Next, based on the loading and kinematic characteristics obtained in step 1, heat generation of each heat sources in the bearings is calculated by the model of heat generation.

Then, through programming in APDL on the temperature analysis module of ANSYS, finite element model of temperature field analysis is built and solved based on the thermal data supplied by step 2.

Finally, according to the results of temperature analysis, the actual parameters of elements are modified by radial thermal expansion formula. Return to step 1 with the new values of geometric parameters calculated in step 4.

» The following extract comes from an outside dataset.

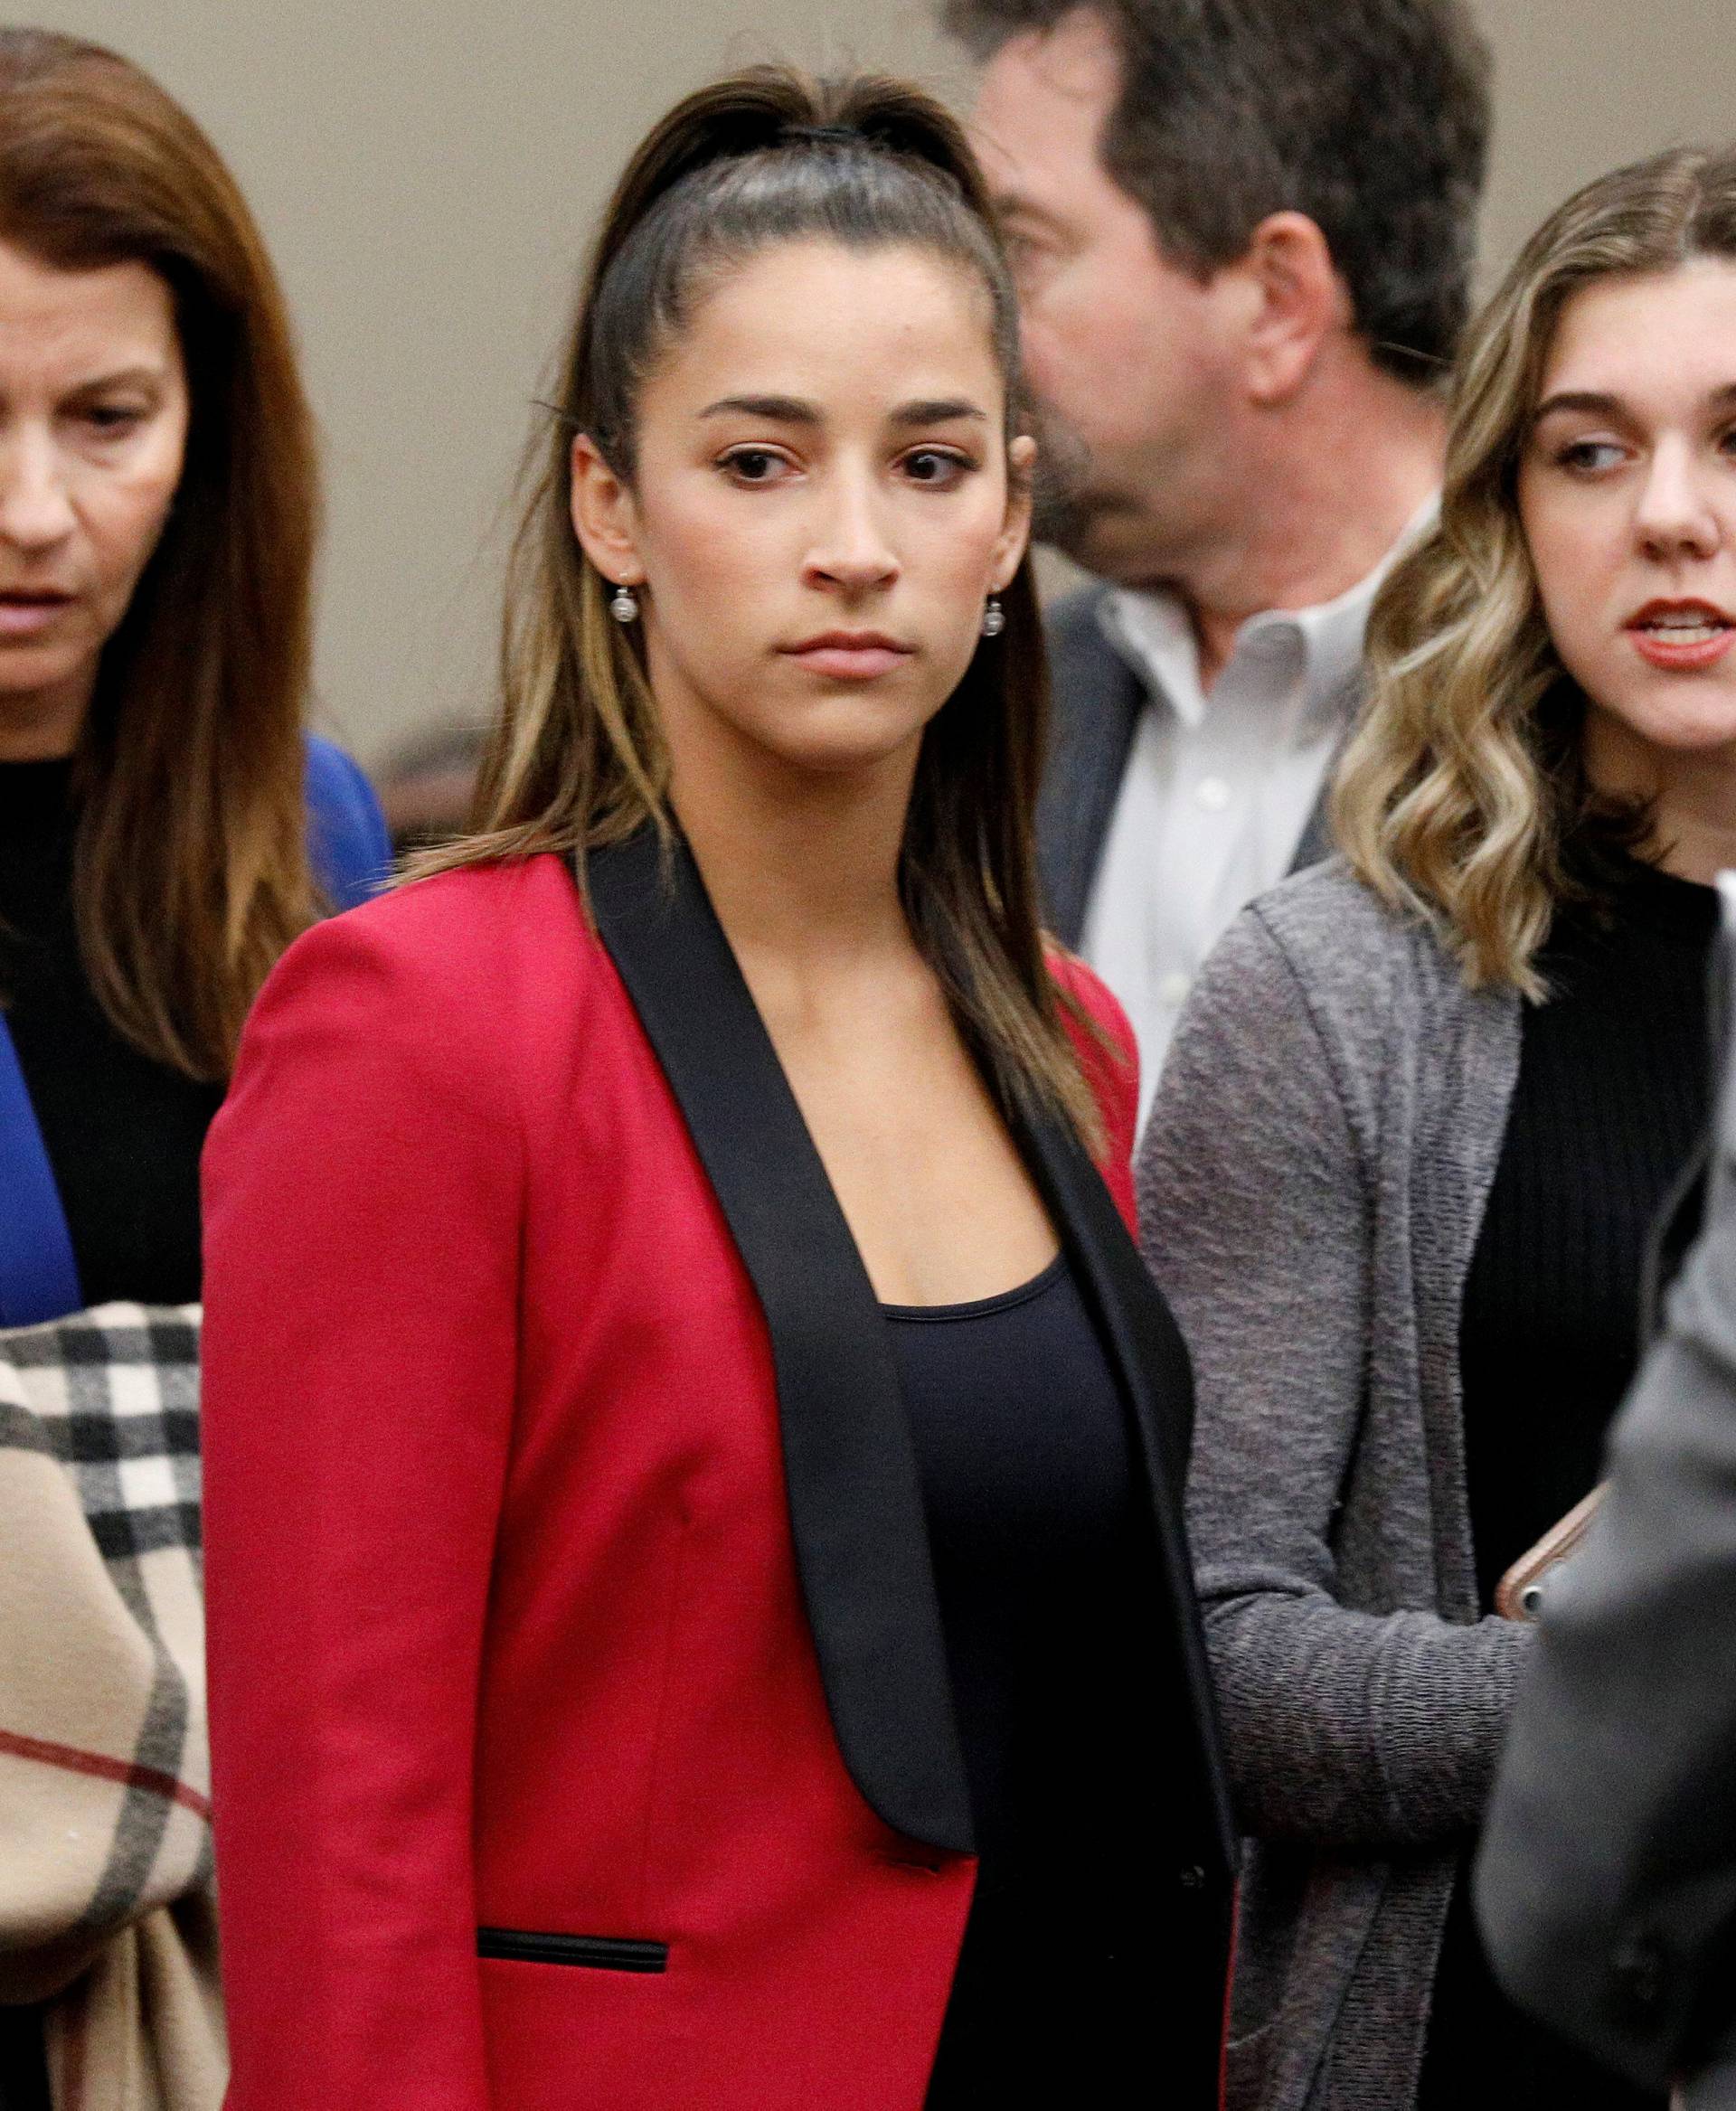 Victim and Olympic gold medalist Aly Raisman appears before speaking at the sentencing hearing for Larry Nassar, a former team USA Gymnastics doctor who pleaded guilty in November 2017 to sexual assault charges, in Lansing
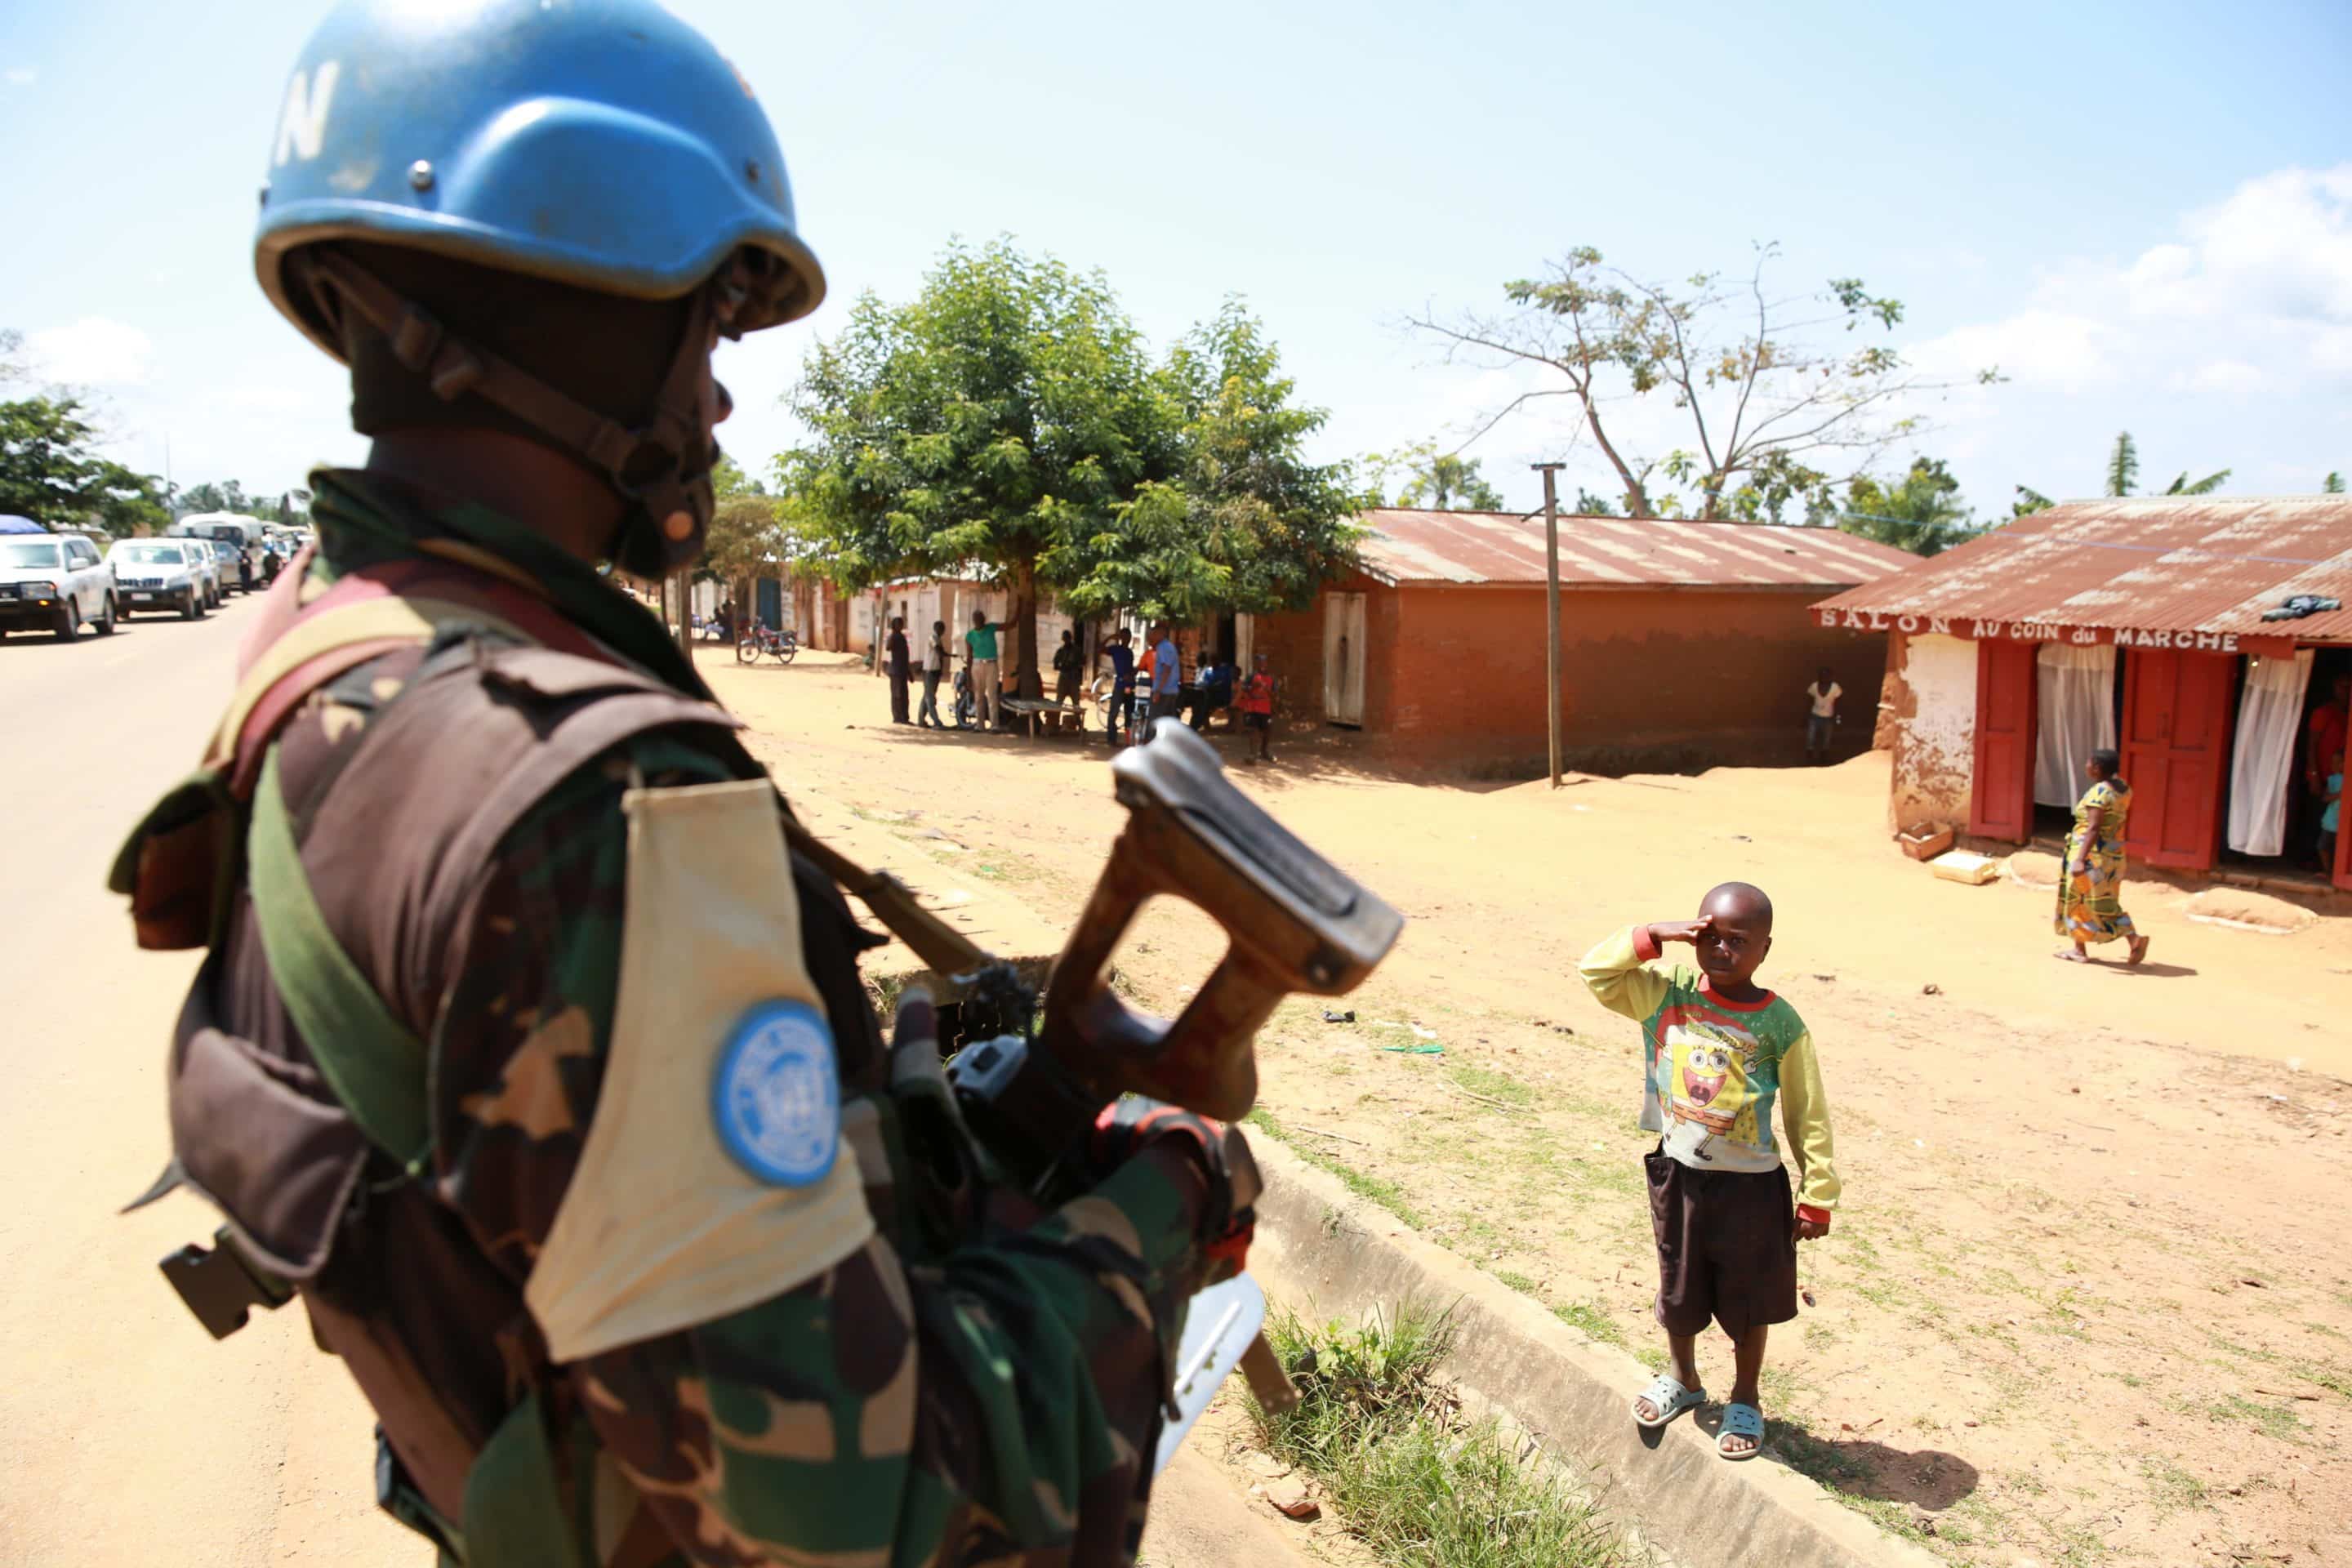 New Report Details Massive Sexual Abuse in the Congo By UN Peacekeepers

Repeatedly execute steps 1–4. While the difference in the temperature data obtained by the ith iteration and (i+1)th iteration is less than the setting error, the iteration process will be stopped and the thermo-mechanical coupling analysis is concluded.

Figure 3.

Calculation chart of thermo-mechanical coupling model of angular-contact ball bearings.

Model verification

The experiment designed by GC Chen²⁴ was used to verify the accuracy of the thermo-mechanical coupling model. In this experiment, an angular-contact ball bearing 276927NK1W1(H) with aviation lubrication oil BT301 was used. An axial load of 10,000 N and radial load of 1960 N were applied on the inner ring. The outer ring is stationary and the rotational speed of the inner ring ranges from 6000 to 14,000 r/min. The diameter of spray hole is 0.8 mm and the initial supply pressure of lubrication oil is 0.45 MPa. The environment temperature is 18°C.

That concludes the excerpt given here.